The part of that plutonic rock poking its head up here is called cranberry gneiss, a metamorphosed granite. When I look at it for foundation purposes I put it in the foliated rock group in the strength tables. 600 million years away from here, the next ridge over that I'm looking at out the window, is dolomitic limestone, that was crudely quarried, first from the riverbeds. We weren't really settled until the period you are talking about though. Yeah, geology can get one into all kinds of discussions :D

SwampDonkey

The vast Canadian shield is granite, that what's left when the glaciers take everything off and move it south. :D

Around my local area it is not granite bedrock everywhere, it is calcareous shales mostly. Some pockets of granite around though, as it is quarried for riprap. But on top is granite stones dropped off by glaciers from northern regions where the ogres roam. Southern New Brunswick is sandstone mostly and shales as it was all under water millions of years ago. In my area to, the sea came inland for miles along the Saint John River and up the Tobique River. Where there is more elevation here there is granite. The top of Mount Carleton, for instance, is the highest peak here in the Maritime provinces and is granite.

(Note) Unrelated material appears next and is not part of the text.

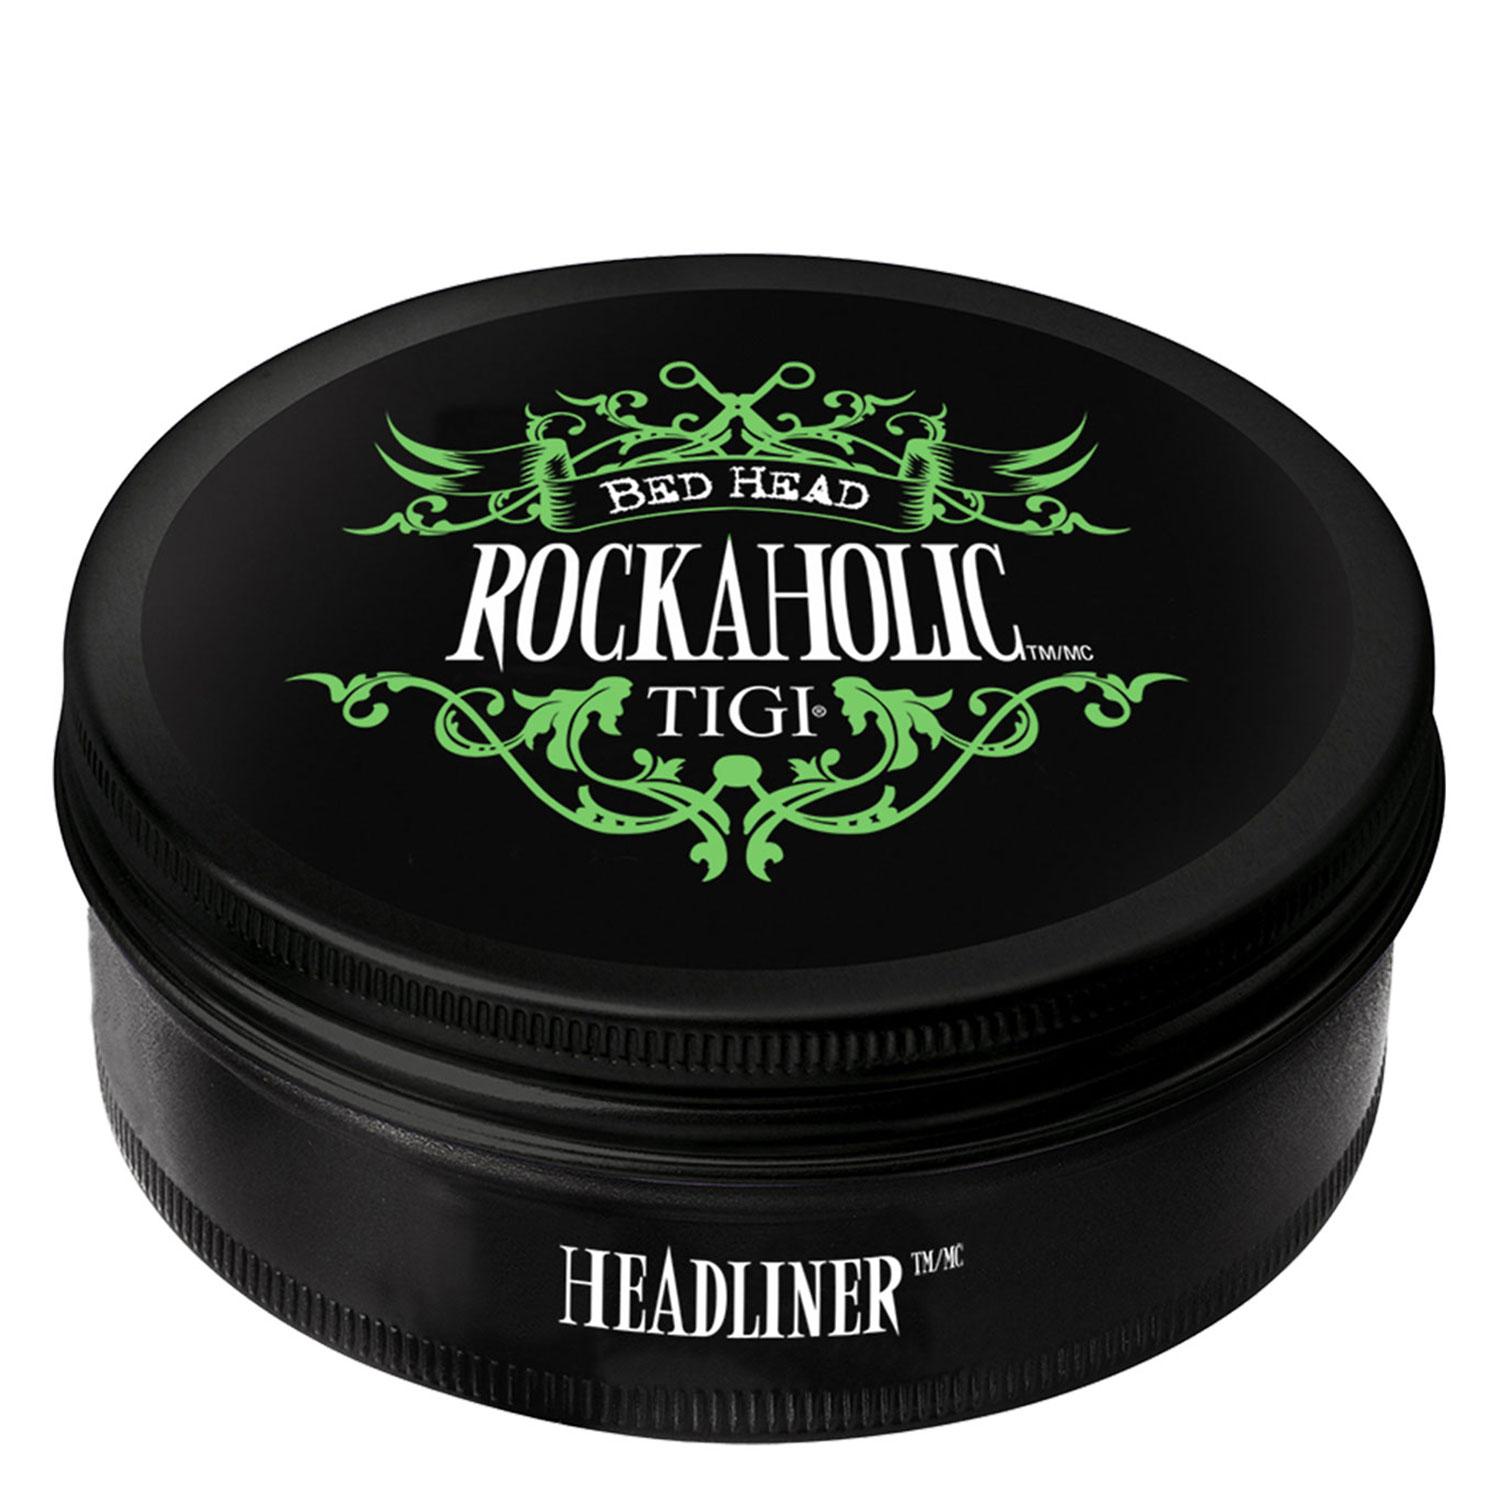 Bed Head Rockaholic - Headliner Styling Paste
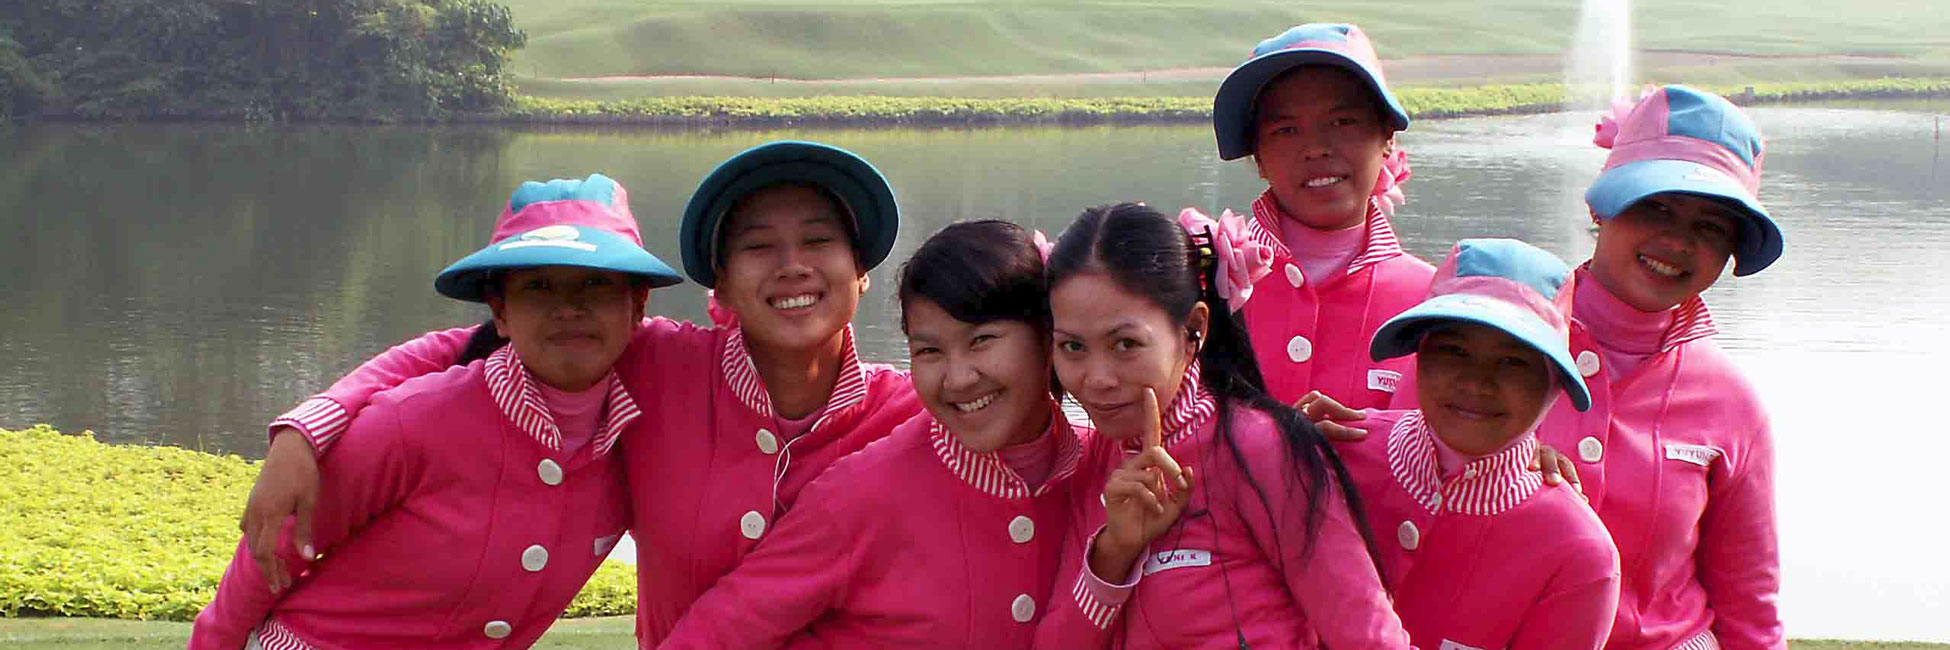 Jakarta Golf Courses

Braithwright and Gagnon wrote up the geology of New Brunswick in the 19C and has since been updated and improved upon by successors. Only report I have on it comes from 1984 from the Geological Survey of Canada. It was part of university studies on geology when I was in the University of New Brunswick.

When you have glaciers, you sometimes have stuff on top that ain't at the bottom. :D
"No amount of belief makes something a fact." James Randi

1 Thessalonians 5:21

2020 Polaris Ranger 570 to forward firewood, Husqvarna 555 XT Pro, Stihl FS560 clearing saw and continuously thinning my ground, on the side. Grow them trees. (((o)))

D L Bahler

Thanks for all that, swampdonkey. It's a real pain for all the farmers you know!

Our bedrock in Indiana is mixed sedimentary bands of Limestone, sandstone, shale, slate, gypsum, and others. Any other stone is mixed glacial deposits, and we've got a lot of that. Our part of the state is one of the flattest glacial tills in the world, and our limestone is some of the finest in the world. Most of D.C. is built out of it. Easy to work and weathers very well. 
Not too far from where I live, it sits a whole 18" under the surface. Lot's of stone quarries in these parts.